Asier apareceu recém-saído do banho, uma toalha amarrada à cintura e o peito ainda pingando. Unai ergueu o olhar e sentiu gratidão e medo se misturarem na garganta.
—Asier, Joseba... eu decidi aceitar o contrato —disse, com a voz firme embora algo tremesse por dentro—. Mas só se vocês vierem comigo. Não quero fazer isso sozinho.
Os dois homens se olharam por um segundo. Asier atravessou a cozinha e o abraçou forte, e Unai sentiu o corpo jovem tremer contra aquele peito largo.
—Não duvide nem por um instante —murmurou Asier—. Vamos com você. É o seu sonho, e vê-lo se cumprir também é o nosso.
—Somos um só —acrescentou Joseba, a mão apoiada em seu ombro—. Vamos nessa.
***
Organizar tudo foi um redemoinho de uma única semana. Joseba deixou o clube onde treinara metade da vida nas mãos de um assistente de confiança, com um nó no peito cada vez que cruzava o ginásio vazio. Asier transferiu sua loja para Markel e Ekaitz como sócios plenos, papéis assinados e a metade da propriedade mudando de mãos.
Unai decidiu dedicar um dia inteiro à família. Chegou em casa com o coração batendo contra as costelas e o macacão gasto ainda no corpo, como um talismã que carregava toda a viagem. Sua mãe o esperava na porta. Abraçou-o com uma força que resumia anos de turnos intermináveis e sacrifícios silenciosos.
—Meu menino... eu não acredito —sussurrou contra o ombro dele, a voz partida.
Lá dentro, na cozinha pequena onde tinham compartilhado tantas sopas quentes e tantas conversas de madrugada, sentou-se com ela e com o irmão mais velho. As paredes estavam cheias de fotos antigas: Unai correndo pelas ruas de pedra do vilarejo, sua mãe com o uniforme da fábrica. Conversaram durante horas, alternando lágrimas e risos.
—Mãe, já chega de trabalhar —disse ele, tomando-lhe as mãos ásperas—. Com o contrato e o que vou ganhar este ano, dá e sobra para vocês. Descanse. E você, irmão, largue a fábrica e vá de vez para a fotografia. Vocês merecem.

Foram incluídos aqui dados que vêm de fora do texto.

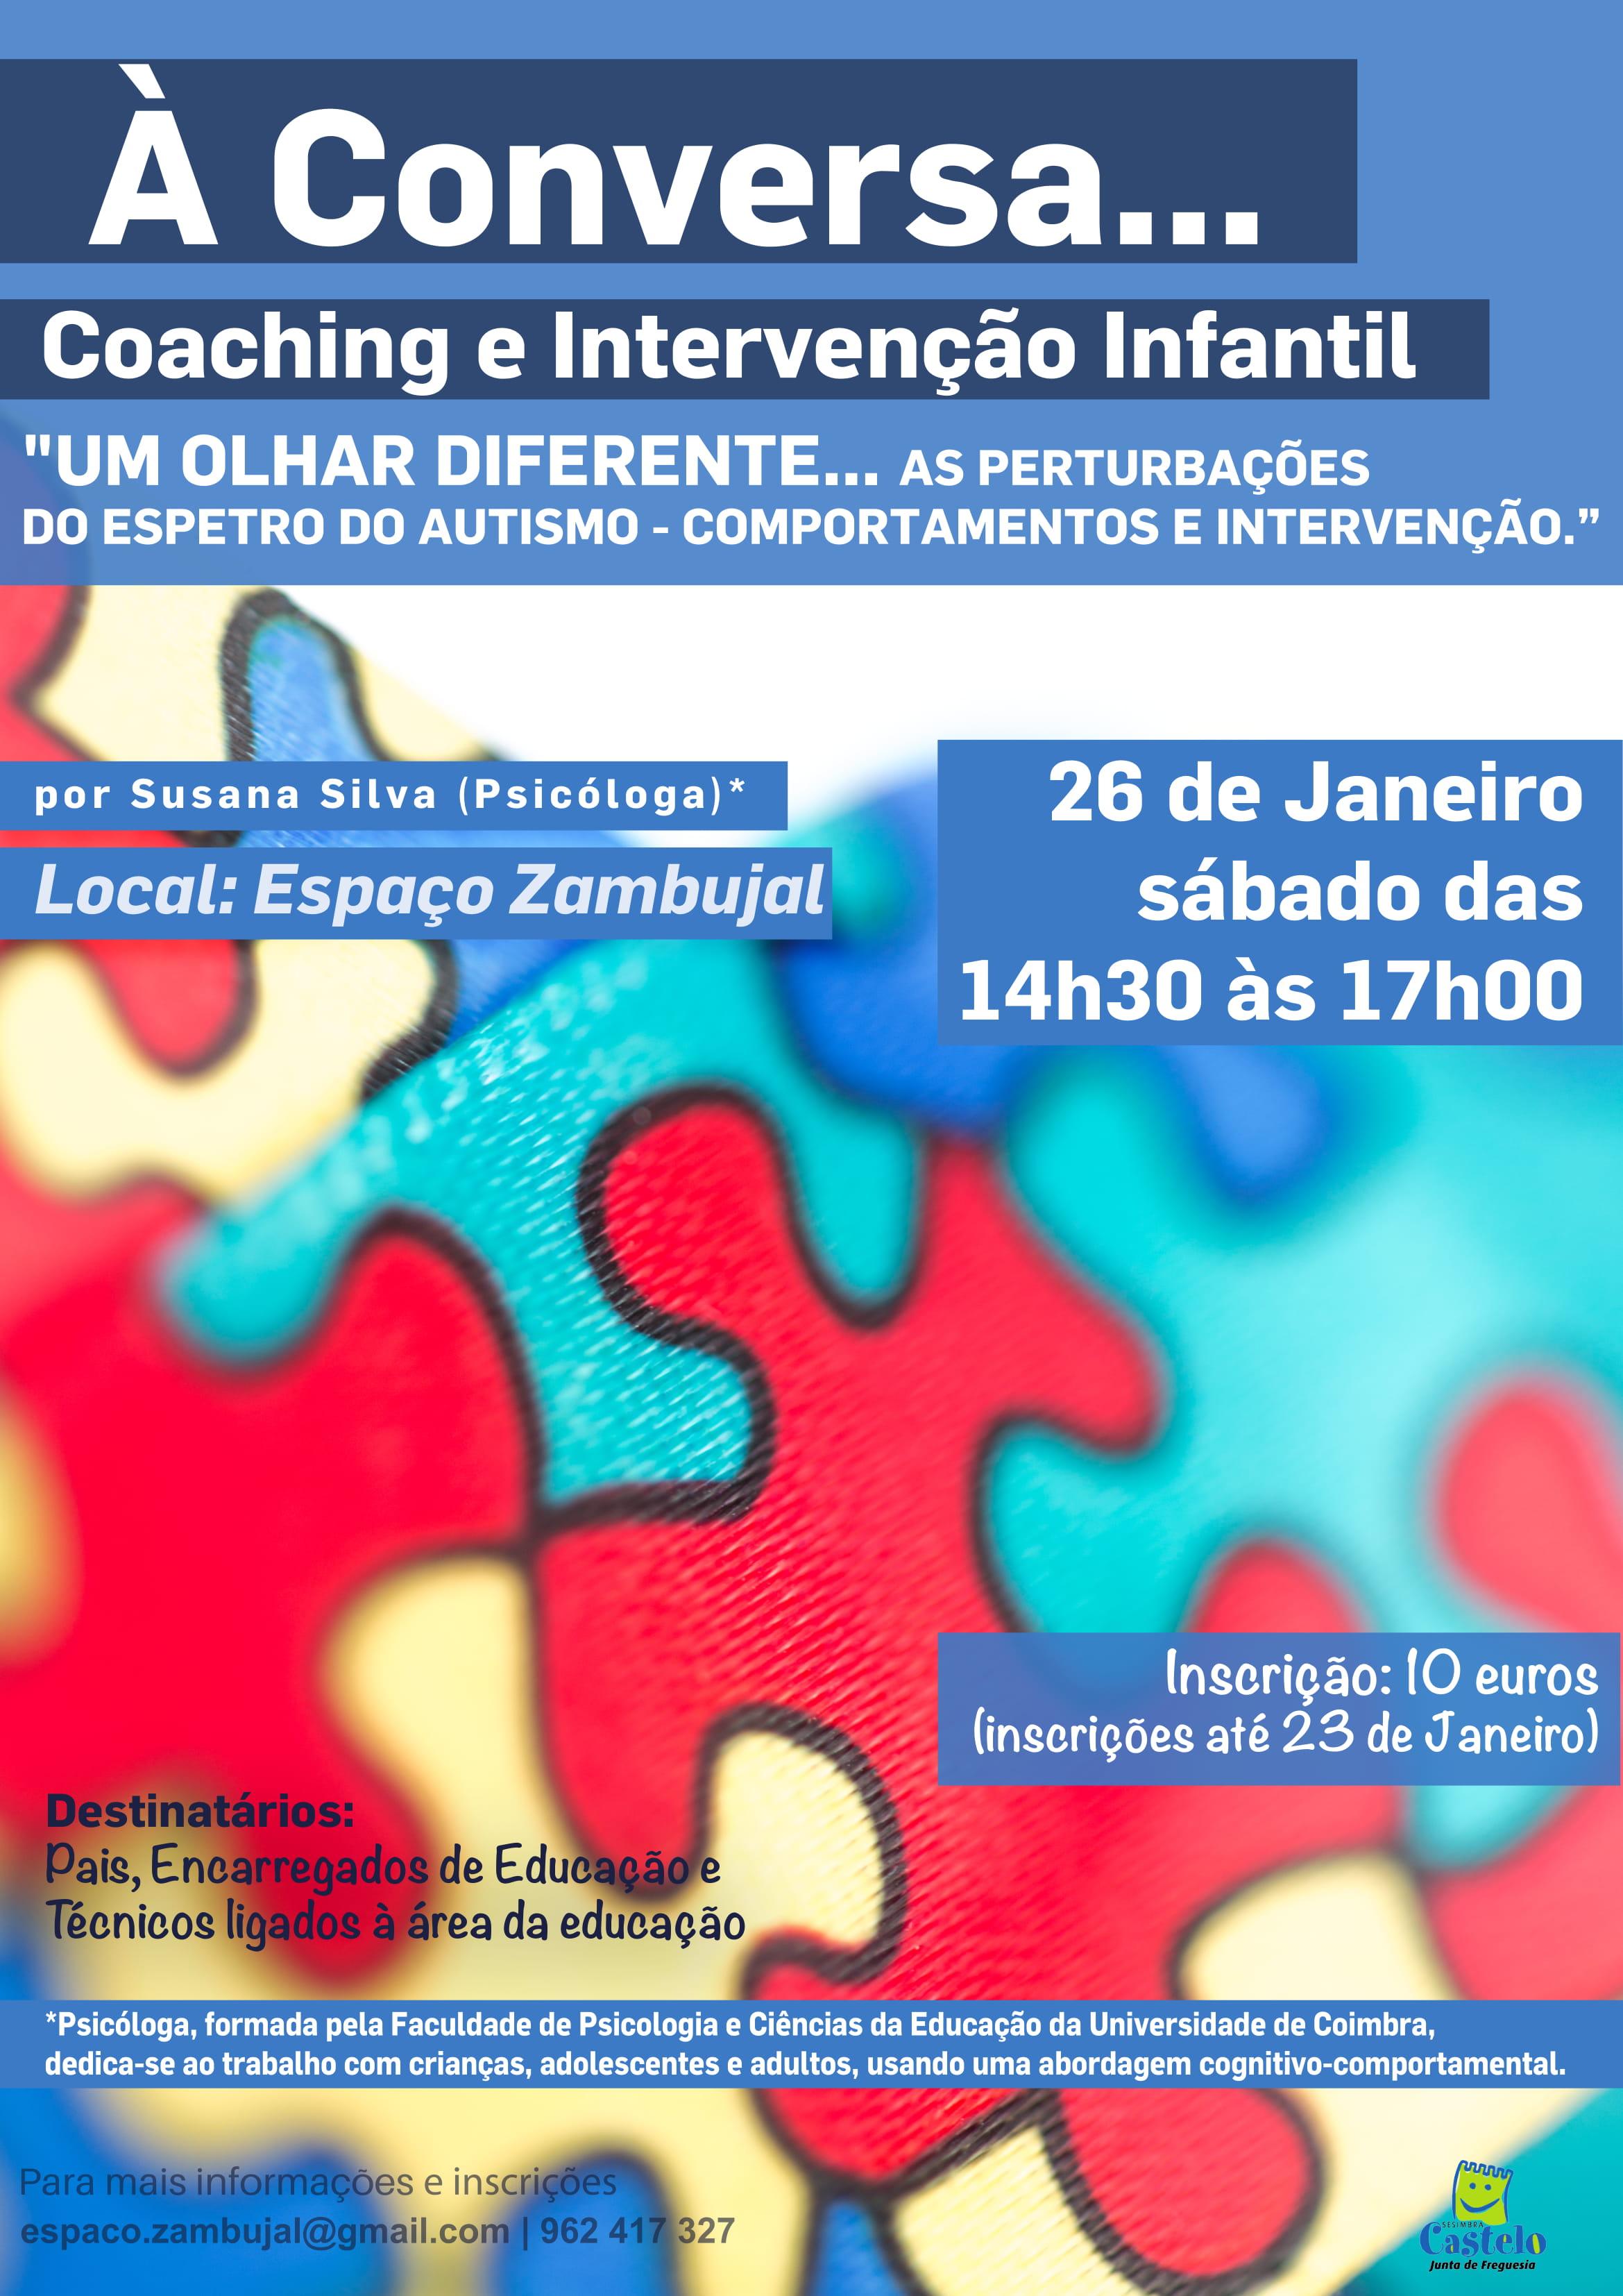 À Conversa... Coaching e Intervenção Infantil

Sua mãe chorou sem disfarçar.
—Você sempre foi minha luz, filho... mas eu não quero que você vá tão longe por minha causa.
—Eu vou por vocês, mas também por mim —respondeu ele, abraçando-a—. Vou voltar em breve. Prometo.
***
Uma vez assinado o contrato, a notícia correu como pólvora. A imprensa europeia e as redes se encheram de manchetes: «Uma promessa local cruza o oceano: gênio ou precipitação?». E, embaixo, os comentários de sempre, as insinuações que mais doíam: «O casal maduro e o garoto manipulável, o que haverá por trás de tudo isso?».

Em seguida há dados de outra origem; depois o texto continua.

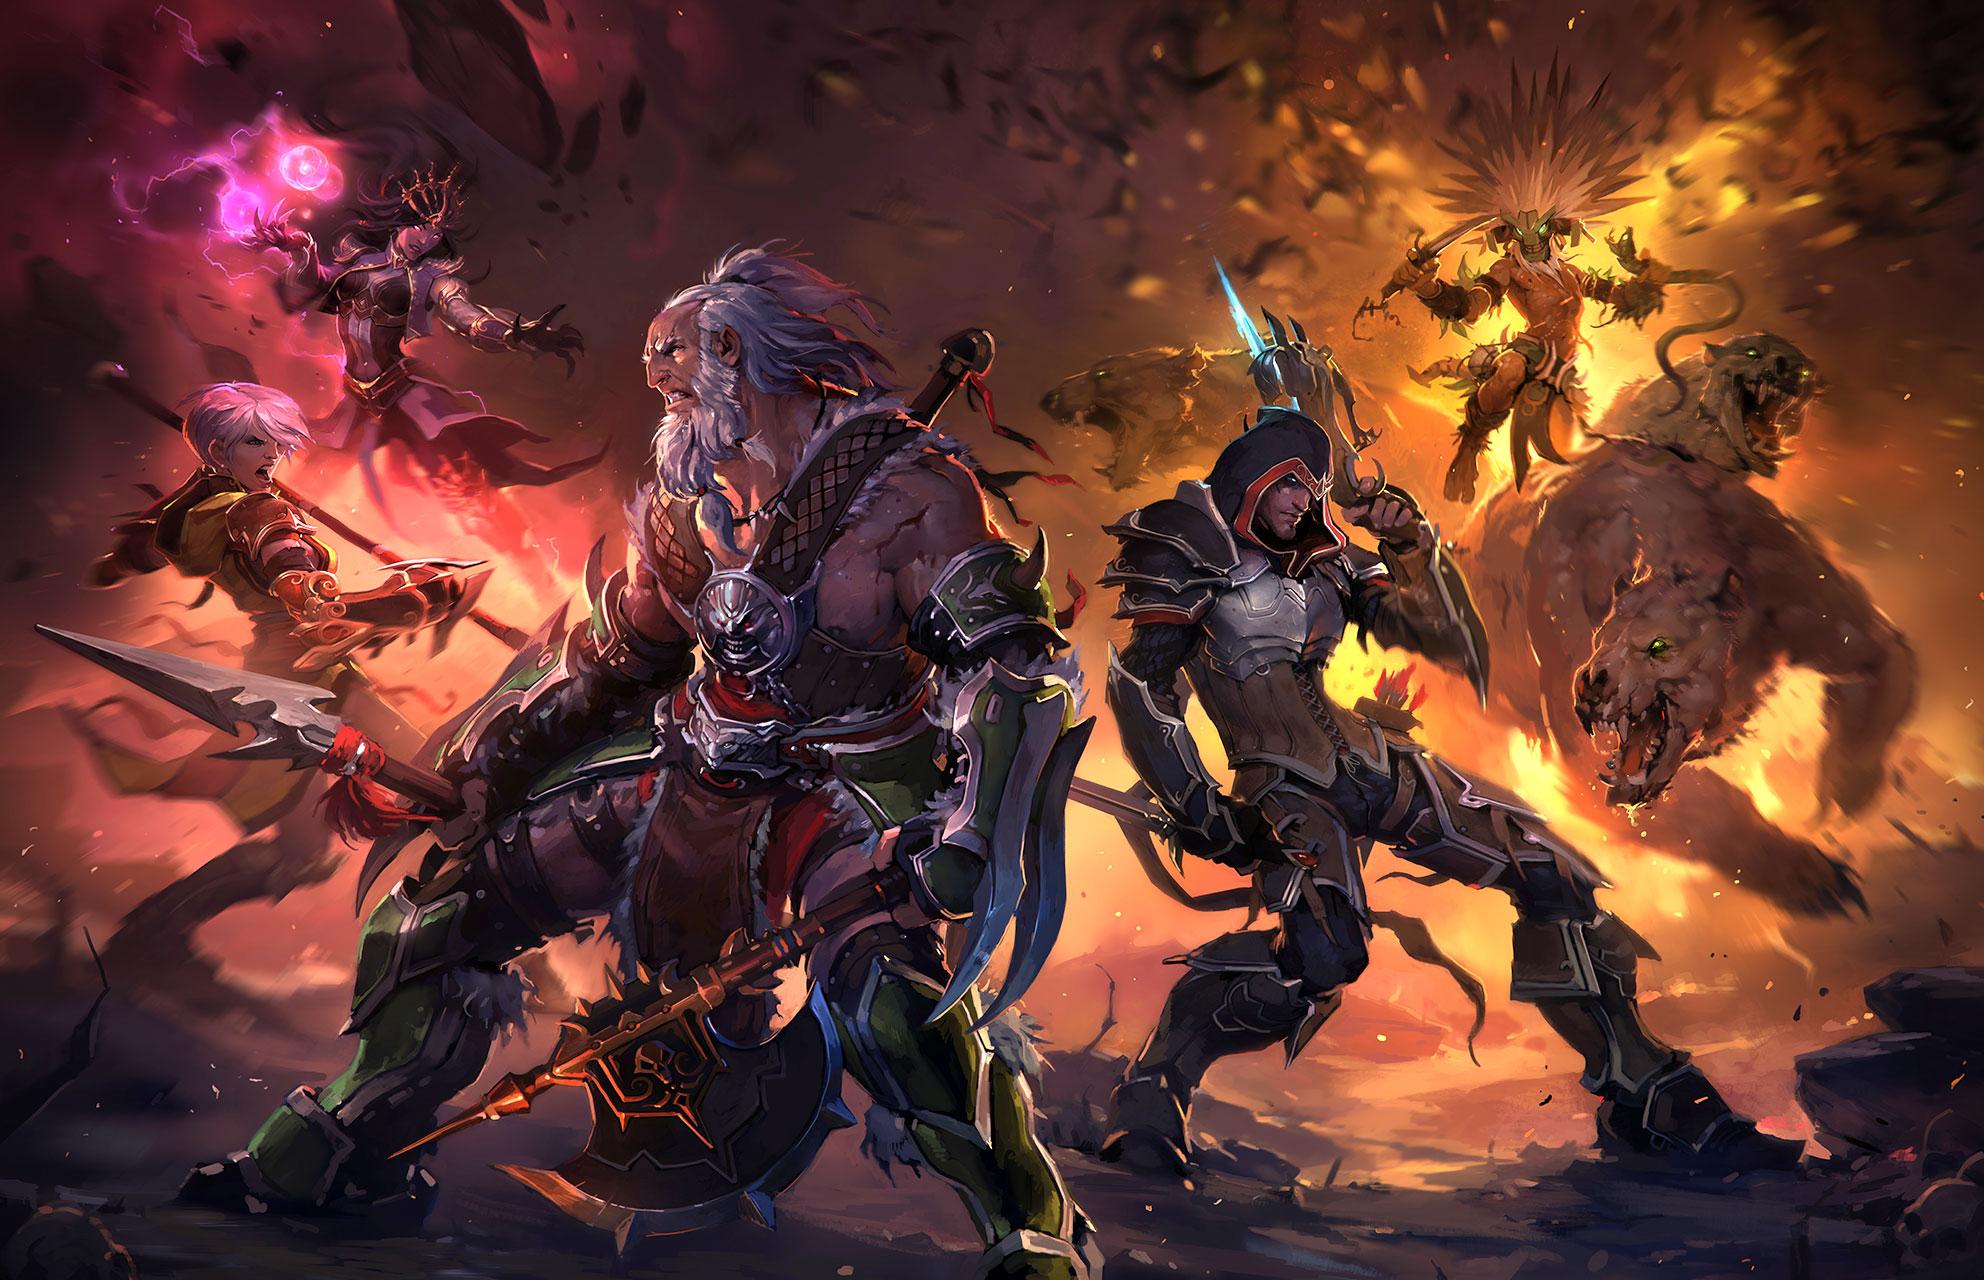 """Wird laut Gerüchteküche bald in eine Anime-Serie auf Netflix verwandelt: Blizzards erfolgreiche Action-RPG-Reihe """"Diablo""""."""

Unai sentiu a raiva subir pelo peito durante uma videochamada com seus dois homens.
—Por que sempre a mesma coisa? Não podem me deixar ser quem eu sou?

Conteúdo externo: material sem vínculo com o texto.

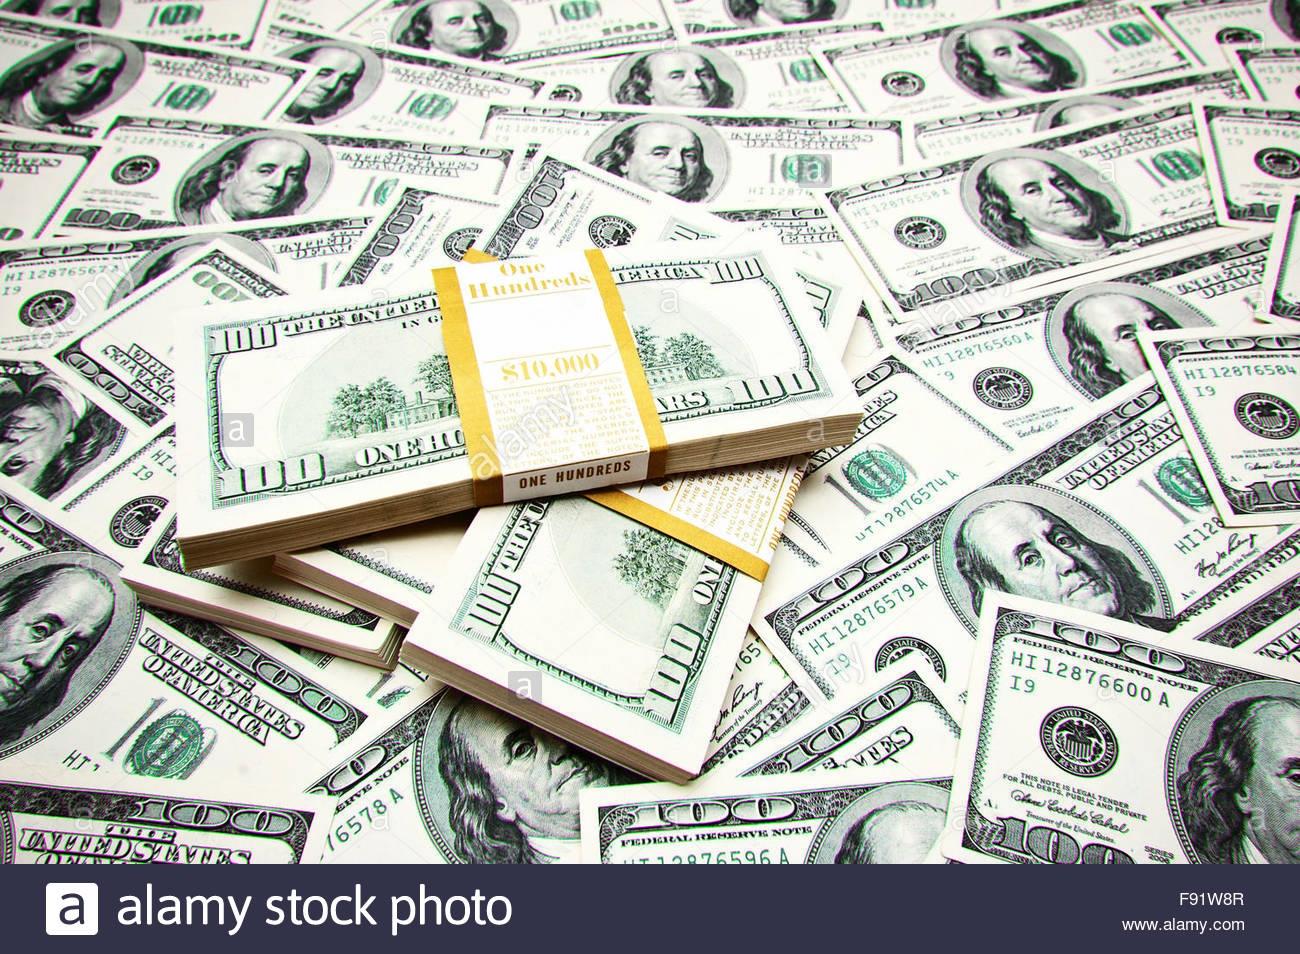 55- ը անվճար Slots Capital- ում խաղարկություն չի կատարում

—É só barulho, Unai —acalmou Asier—. A sua verdade pesa mais do que a deles.
—Usa isso como combustível —acrescentou Joseba—. Lá você vai brilhar acima de todos eles.
Markel e Ekaitz ficaram sabendo na loja, pela boca de Asier. Ficaram felizes como crianças, mas a distância apagou o sorriso deles depressa.
—Vamos sentir muita falta de vocês —murmurou Ekaitz, corado.
Enquanto Asier falava com eles, algo vibrou no bolso de Markel, que se estremeceu e tentou disfarçar mordendo o lábio. Asier percebeu.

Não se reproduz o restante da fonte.